The conditions at the TIDFs are extreme. Children without parents, some barely a year old, cry for their loved ones without end. Medical support is limited. Toilets are in disrepair. Diapers are unavailable. Against common sense, Sarah Fabian and other Justice Department immigration lawyers have argued that soap, toothbrushes, and toothpaste aren’t needed.

In messages leaked to the press, TIDF staff were caught using derogatory language to describe those in detention. They have also used abusive, misogynistic words to describe Ocasio-Cortez and other members of Congress visiting these sites.

Is this the United States, I ask? That such events are taking place on our soil is shameful. Yes, I’m an angry Mexican immigrant. I chose this country because of its embrace of freedom, equality, and pursuit of happiness as a public state, not an elitist one.

Of course, the TIDFs aren’t extermination camps. Still, they are inhumane, bestial concentration camps. In World War Two, Americans helped liberate Europe. Are we now the ones in need of liberation?

The Holocaust (Shoah, in Hebrew) is indeed unique in history. I am a descendant of Polish and Ukrainian Jews massacred by the Germans between 1939 and 1945. I know first-hand what such tragedy entails. On my paternal line, nine of my grandmother‘s eleven siblings perished in the war.

But other systematic denigrations of people are equally unique, for uniqueness — “the quality of being the only one of its kind,” according to Merriam-Webster — is a relative term. Aren’t we all unique? And aren’t we all alike, too?

I see no fault in protecting certain lexical tools to refer to the Holocaust. If the entire world is once again numb to the atrocities committed by one government against a defenseless population, doing so in the name of self-protection (Trump’s appallingly essentialist views favor one ethnic group, deemed more pure, against others), whatever strategies might be useful to stop such egregious acts, including the use of a particularized language, must be employed.

In an interview, Donald Trump suggested that compared to where the asylum-seekers come from, the living circumstances in the TIDFs are an improvement.
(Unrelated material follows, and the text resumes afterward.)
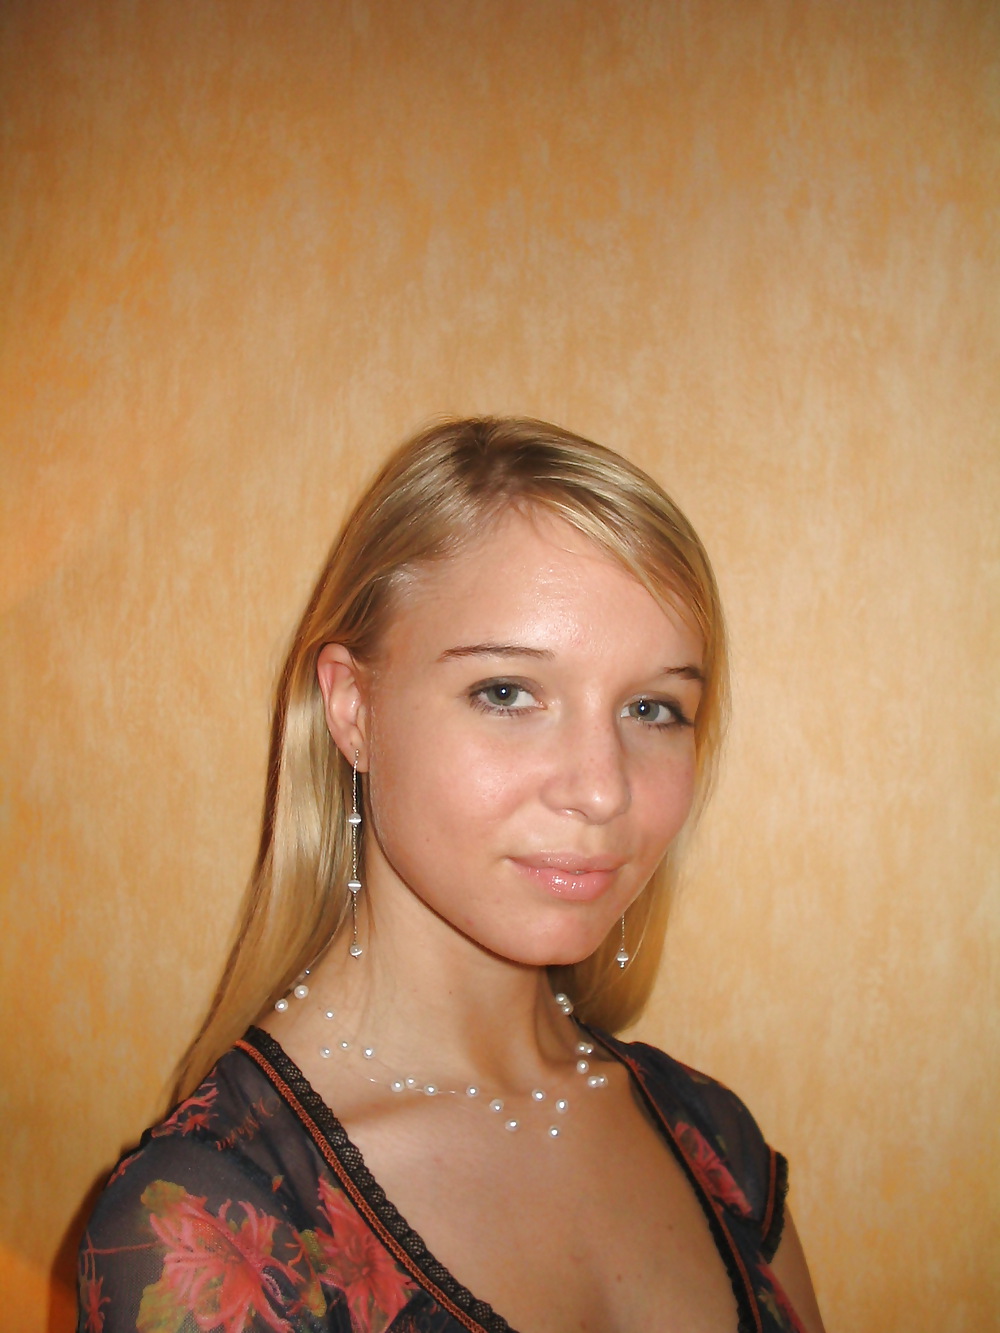 Hot ex ragazza russa teenager
 #7484992

The thought itself is macabre. Is purgatory better than hell?

Like the universe, language exists in constant change. To loftily protect it from getting tarnished by contemporary affairs is ridiculous. Children and others are dying in the TIDF camps. By focusing on a linguistic debate rather than looking for ways to halt the tragedy, we are all guilty.
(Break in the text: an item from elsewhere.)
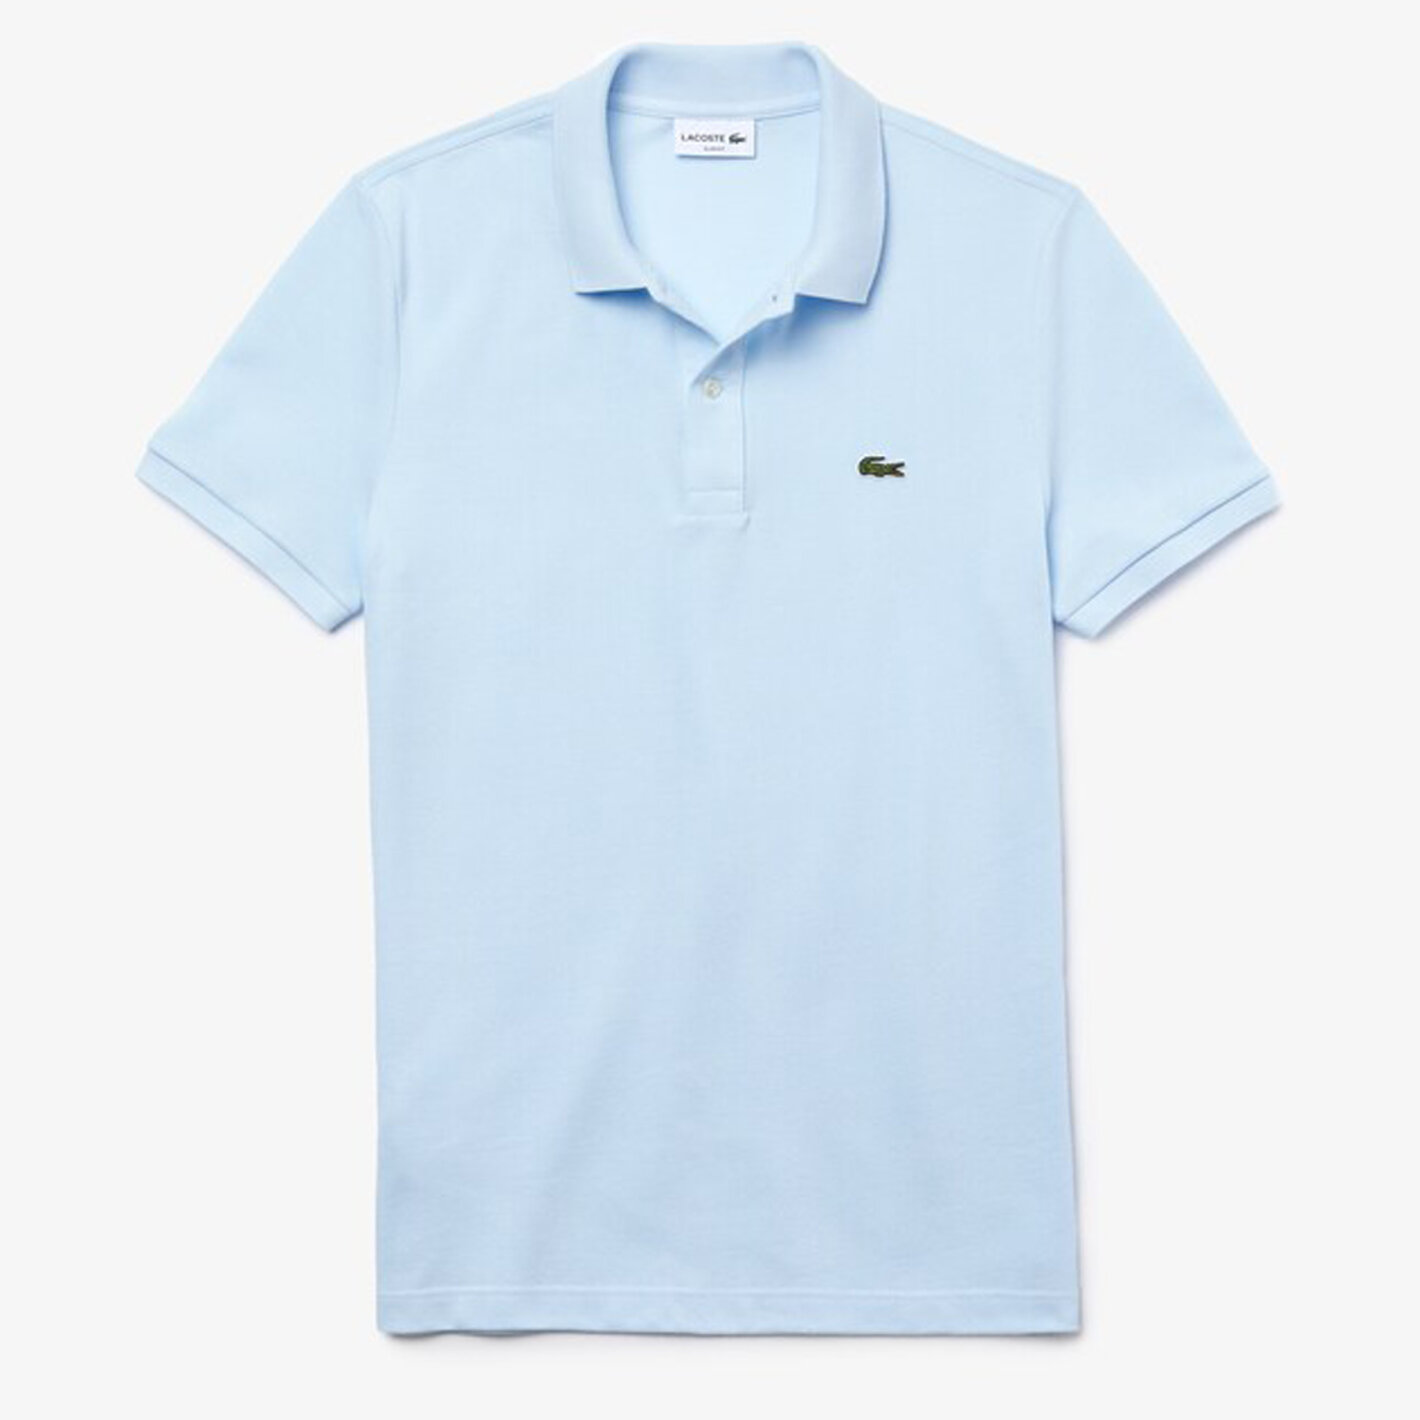 Shop nu Lacoste PH4012 Polo T-shirt i Lys blå - Fri

In and of itself, the suffering of one child represents the suffering of all humankind.

In “Notes of a Native Son” (1955), James Baldwin says that the American ideal, after all, is that everyone individually should be as much alike as possible. Are those in TIDFs not Americans? They were born in that large, generous expanse known as the American continent. And they are petitioning to be citizens like the rest of us, the way some 40 million Americans today who were born elsewhere, a few of them in concentration camps, petitioned not long ago.

What is frightening about the debate on how to refer to TIDF camps is that it makes the nation resemble the very anti-models it fought against a generation ago.

In response to yet another allegation of sexual assault against him, Trump rhetorically described the accuser as “not my type.” Clearly, the violence to language starts with him. How long will it take the majority of Americans to realize he isn’t our type either?

Trump is the very definition of ignominy: disgraceful, dishonorable. That he is the U.S. president is proof that no nation is exceptional.

Ilan Stavans is the Lewis-Sebring Professor of Humanities and Latin American and Latino Culture at Amherst College, the publisher of Restless Books, and  the host of “In Contrast” on NEPR.